In Caapi there are at least 3 alkaloids, correct? THH, Harmine, Harmaline. I believe THH has the pale blue florescence but I don't know of the others.

Yeah at least 3. Actually I was digging around the search engines and it appears that recently (although it may not have been so recent who knows) they discovered more alkaloids in caapi than previously though.

Abstract

Three new alkaloids isolated from Banisteriopsis caapi, were identified as harmic amide (1-carbamoyl-7-methoxy β-carboline), acetyl norharmine (1-acetyl-7-methoxy β-carboline) and ketotetrahydronorharmine (7-methoxy-1,2,3,4-tetrahydro-1-oxo-β-carboline)

I thought that was interesting. Caapi is such a mysterious plant. Actually that paper is not new at all it was dated 1976.
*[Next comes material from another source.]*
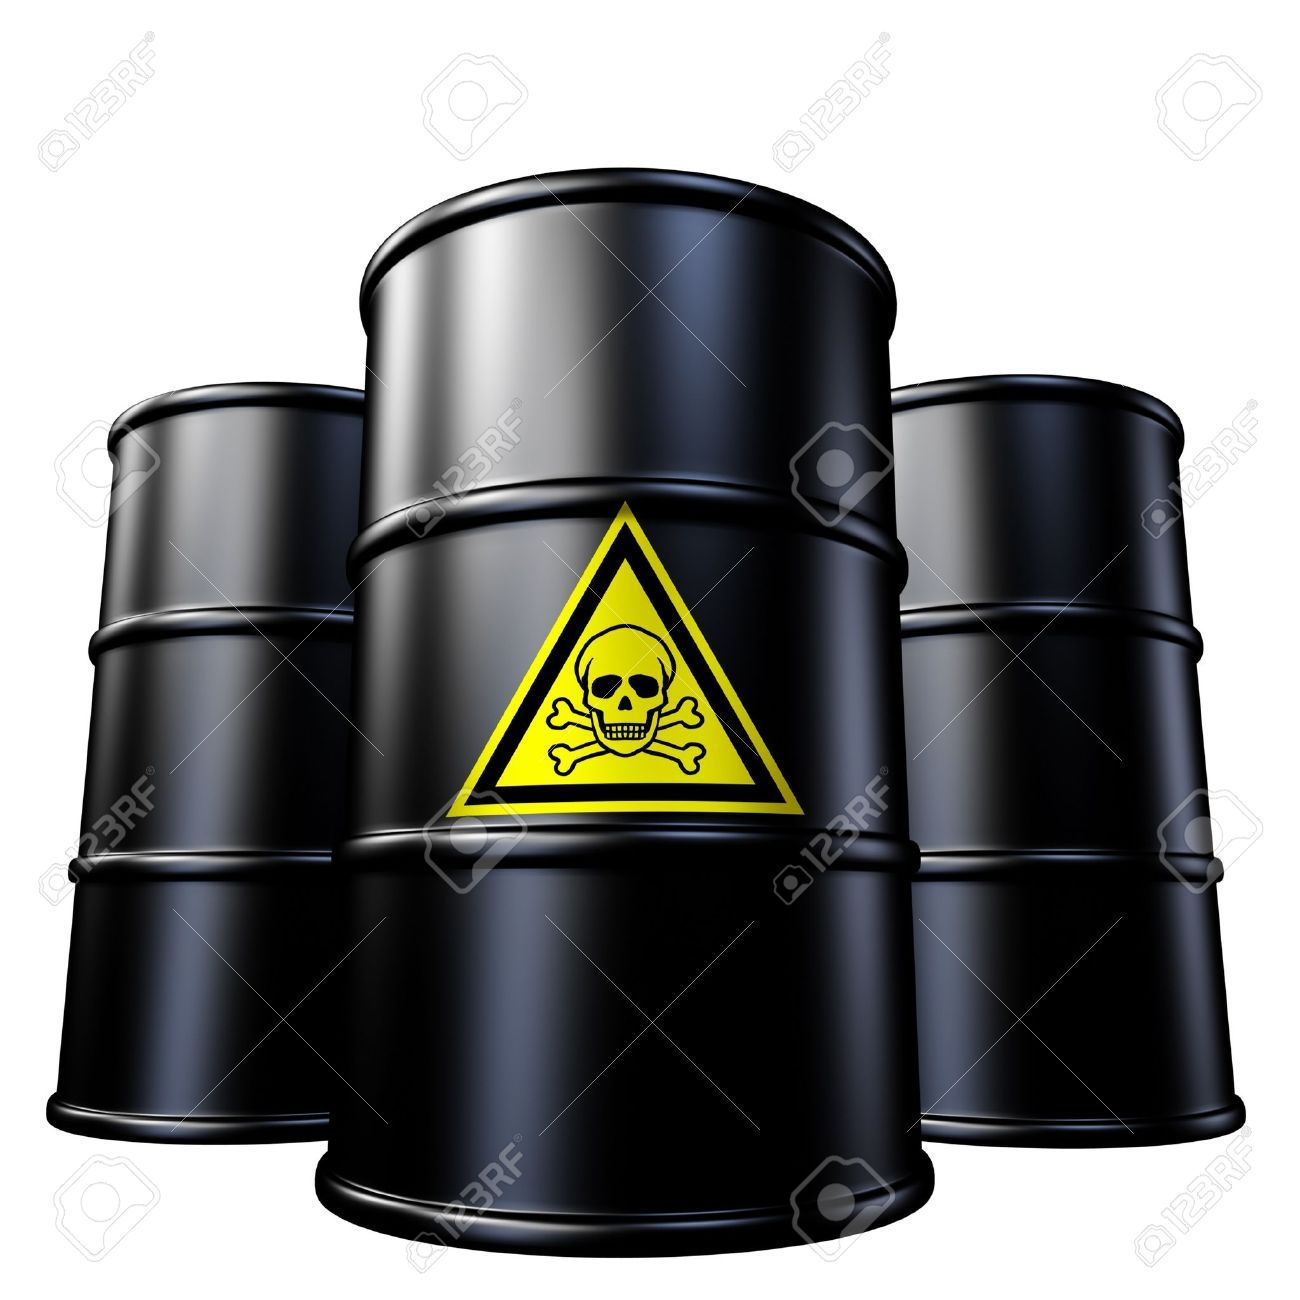 Oil barrel cartoon pesquisa google masa pinterest oil toxic waste barrels symbol represented by black metal oil and chemical drums buycottarizona

Here is a link to the articl3 "Emanations volume 4" about the caapi study I cited earlier.

caapi research data

I thought this was a great article. Of particular interest to me was the "bioactivity study" where they tested the alkaloid extractives against various bacteriums. caapi was shown to be effective against several different strains, validating in a very third dimension ways the reputation caapi holds as a medicine and healing agent. this has been a topic of my recent interest as well although i was not aware of any proven science data regarding caapi and healing. personally i think caapi is an antiparasitide as well as an antibacterial which is why it so effectively solves so many health problems.

 

[Hybridoma]

For someone with the time and access to the proper equipment, suggest the following:

1. Perform the extractions as noted earlier to maximize both yield and range of compounds extracted.
2. Run the thin layer chromatography and see how many spots are generated, and how they individually fluoresce under UV. Measure rf values.
3. Design a silica column with a solvent mix that is most likely able to separate the fractions, monitoring by UV on the fraction collector, and then testing the fractions against the TLC.
4. Once reasonably pure compounds are isolated, use mass spec to make compound identification, which can then be correlated with the TLC and column data.
5. Now you have the data and the samples as controls for optimizing extractions that will preferentially yield the desired alkaloids, and publish the protocols for all of us!

This looks like a good month of a grad student's time, but the results would add a lot of knowledge to our Forum!